Сергей Александрович не испугался. Он только удивился и поспешил выразить это удивление словами:

— Откуда вы и как попали сюда?

Гирли улыбнулся.

— Ну, не будем волноваться из-за пустяков! — тихо сказал он и сел на постель к Орленеву. — Конечно я попал сюда самым естественным, хотя, может быть, и не совсем обыкновенным путем. К этой двери, — он показал на отворенную в стене доску с изображением, — ведет лестница из подвального этажа этого дома.

— Как же вы попали сюда в подвальный этаж?

— Очень просто: я живу там.

Орленев привстал на постели.

— Вы живете у меня в доме?

— То есть в бывшем доме вашего дяди. Да! Что же вас поражает в этом?

— Я не знал этого до сих пор.

— Кому было нужно обращать ваше внимание на то, что где-то у вас в подвальном этаже живет полоумный музыкант? И потом ко мне привыкли здесь. Меня привыкли считать здесь, при доме, как кошку или обжившуюся собаку. Разве вы знаете всех кошек у вас в доме?

— Значит, вы живете давно… и при дяде еще…

— Да, и при дяде!

— Так эта лестница… — начал было Орленев, указывая на отворенную дверь…

— Служила для того, чтобы мы сносились с ним, когда было нужно. Ну, кажется, довольно теперь расспросов, как я попал сюда. Теперь спрашивайте, зачем я здесь!

— Погодите, Гирли! У меня есть еще много вопросов к вам… Погодите, теперь я знаю, почему вы тогда, при первой нашей встрече, довели меня прямо до дома. Тогда это удивило меня… Да, еще вот что! Это вы говорили обо мне Потемкину, я знаю, это я сообразил…

— По словам Маргариты? — вставил старик.

— Вы и это знаете? Знаете, что я был у нее?

— Вы, кажется, во всем хотите видеть сверхъестественное или, по крайней мере, чудесное, — возразил Гирли. — Ну да, я знаю, потому что мне только что рассказал ваш кучер, что вы были сегодня вечером на Морской.

Орленев, с тех пор как стал адъютантом, завел своих лошадей.

— Когда же кучер успел рассказать вам?

— За ужином.
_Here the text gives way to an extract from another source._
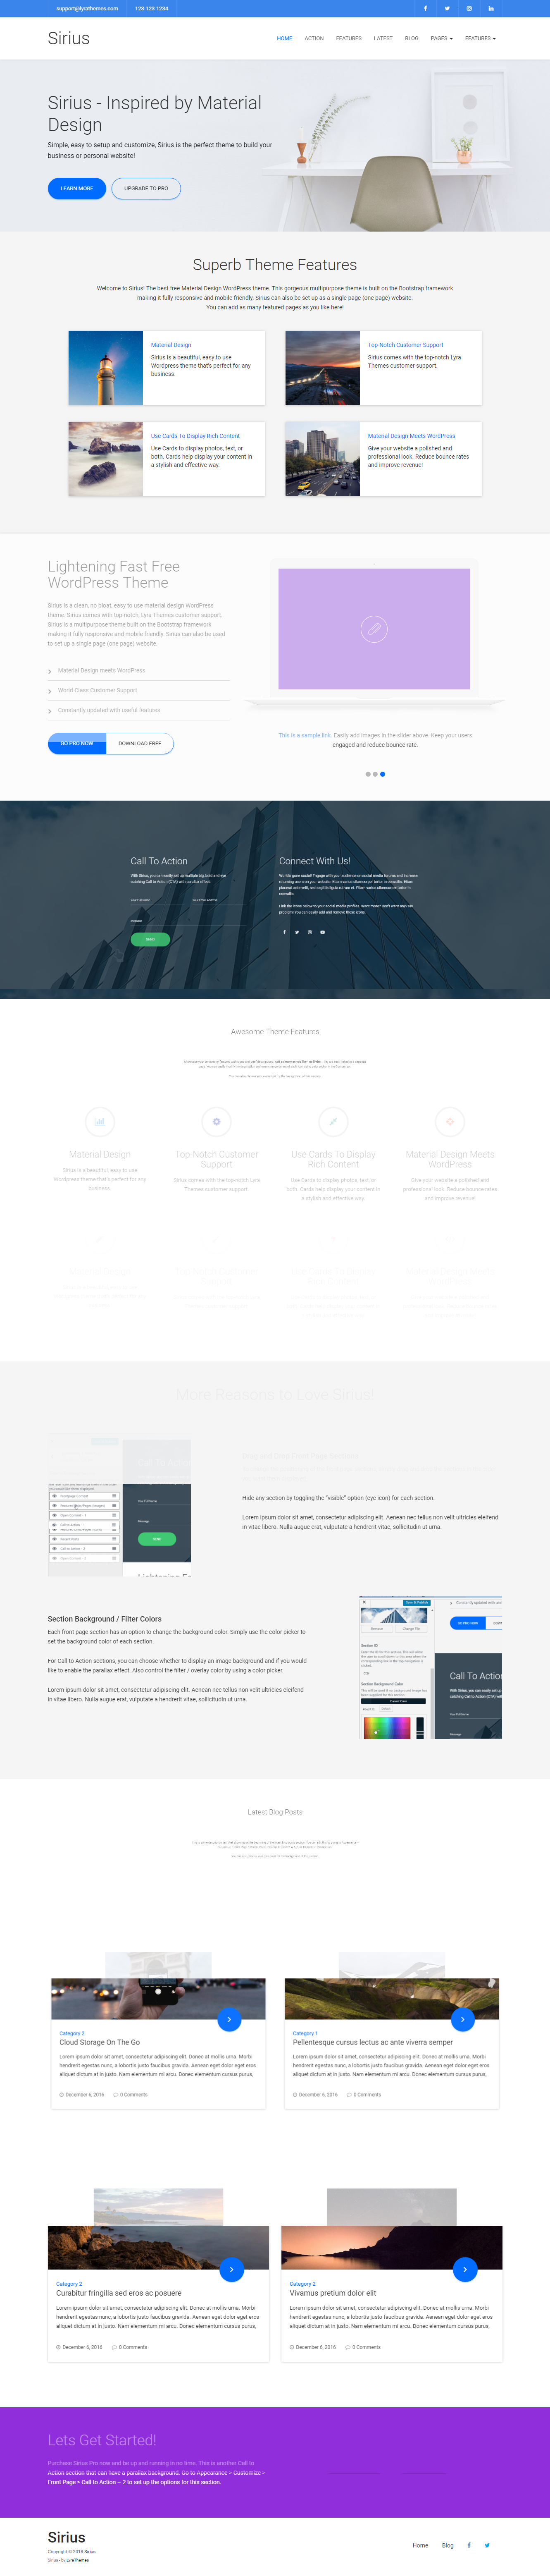 Sirius Lite - Best Free Material Design WordPress Theme

Мы ужинали с ним.

— Вы ужинаете с моими людьми? — невольно вырвалось у Орленева. — Знаете, Гирли, я не допущу этого больше. Отныне вы перейдете сюда, ко мне, и мы будем жить вместе.

Старик снова улыбнулся и, покачав головой, произнес:

— Если бы Гирли захотел, он мог бы жить в дворцовых палатах и есть так, как вы едите только изредка. Но не в этом дело. Оставьте меня жить по-своему! Что было сегодня у Маргариты?

— Постойте! — перебил его Орленев. — Еще один вопрос. При нашем расставании в последний раз у церкви вы сказали… вы напомнили мне…

Гирли смотрел на него большими, ласковыми, как бы глядевшими в самую душу его глазами.

— Вы напомнили мне о Лондоне, — договорил Орленев.